Introduction. Polycystic ovary syndrome (PCOS) is caused by the hormonal environment in utero, abnormal metabolism, and genetics, and it is common in women of childbearing age. A large number of studies have reported that lncRNA is important to the biological process of cancer and can be used as a potential prognostic biomarker. Thus, we studied lncRNAs’ roles in PCOS in this article. Methods. We obtained mRNAs’, miRNAs’, and lncRNAs’ expression profiles in PCOS specimens and normal specimens from the National Biotechnology Information Gene Expression Comprehensive Center database. The EdgeR software package is used to distinguish the differentially expressed lncRNAs, miRNAs, and mRNAs. Functional enrichment analysis was carried out by the clusterProfiler R Package, and the lncRNA-miRNA-mRNA interaction ceRNA network was built in Cytoscape plug-in BiNGO and Database for Annotation, Visualization, and Integration Discovery (DAVID), respectively. Results. We distinguished differentially expressed RNAs, including 1087 lncRNAs, 14 miRNAs, and 566 mRNAs in PCOS. Among them, 410 lncRNAs, 11 miRNAs, and 185 mRNAs were contained in the ceRNA regulatory network. The outcomes from Gene Ontology (GO) analysis showed that the differentially expressed mRNAs (DEMs) were mainly enriched in response to the maternal process involved in female pregnancy, morphogenesis of embryonic epithelium, and the intracellular steroid hormone receptor signaling pathway. The Kyoto Encyclopedia of Genes and Genomes (KEGG) pathway analysis data showed that DEMs were primarily enriched in pathways related to the TGF-β signaling pathway, Type I diabetes mellitus, and glycolysis/gluconeogenesis. In addition, we chose NONHSAT123397, ENST00000564619, and NONHSAT077997 as key lncRNAs due to their high bearing on PCOS. Conclusion. ceRNA networks play an important role in PCOS. The research indicated that specific lncRNAs were related to PCOS development.
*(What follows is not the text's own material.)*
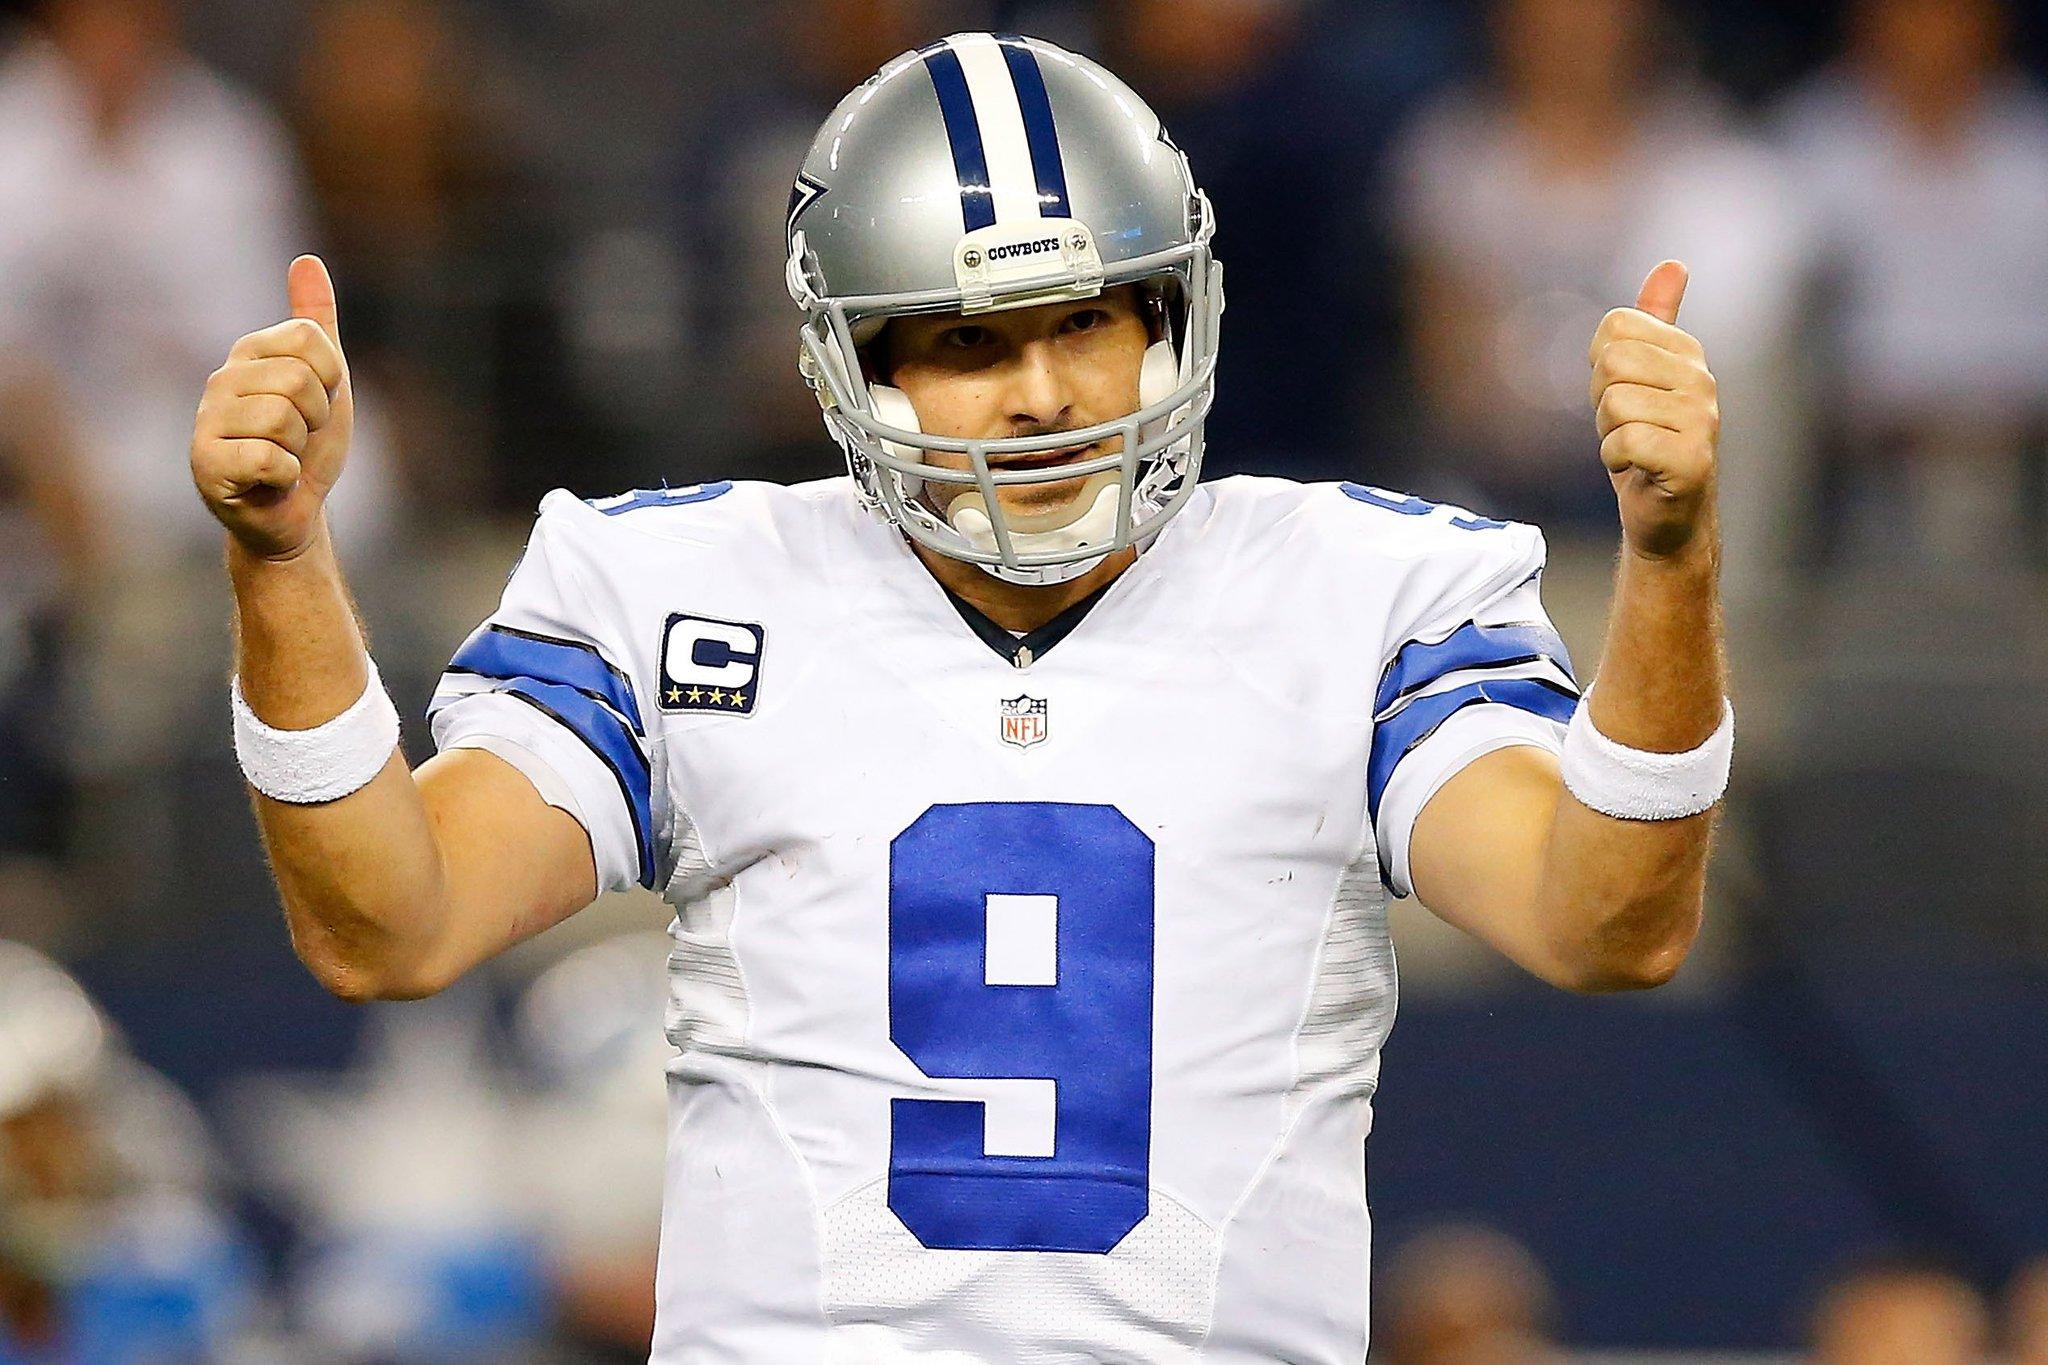 Happy Birthday to Tony Romo who turns 37 today!

NONHSAT123397, ENST00000564619, and NONHSAT077997 could be regarded as potential diagnostic mechanisms and biomarkers for PCOS. This discovery might provide more effective and more novel insights into the mechanisms of PCOS worthy of further exploration.

1. Introduction

Polycystic ovary syndrome (PCOS) is caused by the hormonal environment in utero, abnormal metabolism, and genetics, and its incidence is related to race and eating habits [13]. The disease is very common in women of childbearing age, and its common clinical symptoms include menstrual disorders, hirsutism, obesity, and infertility [410]. Among them, according to relevant statistics, obesity accounts for 30% to 60% of PCOS patients. PCOS is often accompanied by other diseases, such as diabetes, cardiovascular disease (CVDS), and other complications [1113]. The current treatment methods are mainly oral contraceptives and drugs to reduce hyperandrogenemia [14], ovulation-stimulating drugs [15, 16], surgical treatment, and in vitro fertilization [17]. Since the cause of the disease is not yet clear, the clinical treatment of PCOS patients also has limitations. Therefore, more research on the pathogenesis of PCOS is needed to find efficient biomarkers.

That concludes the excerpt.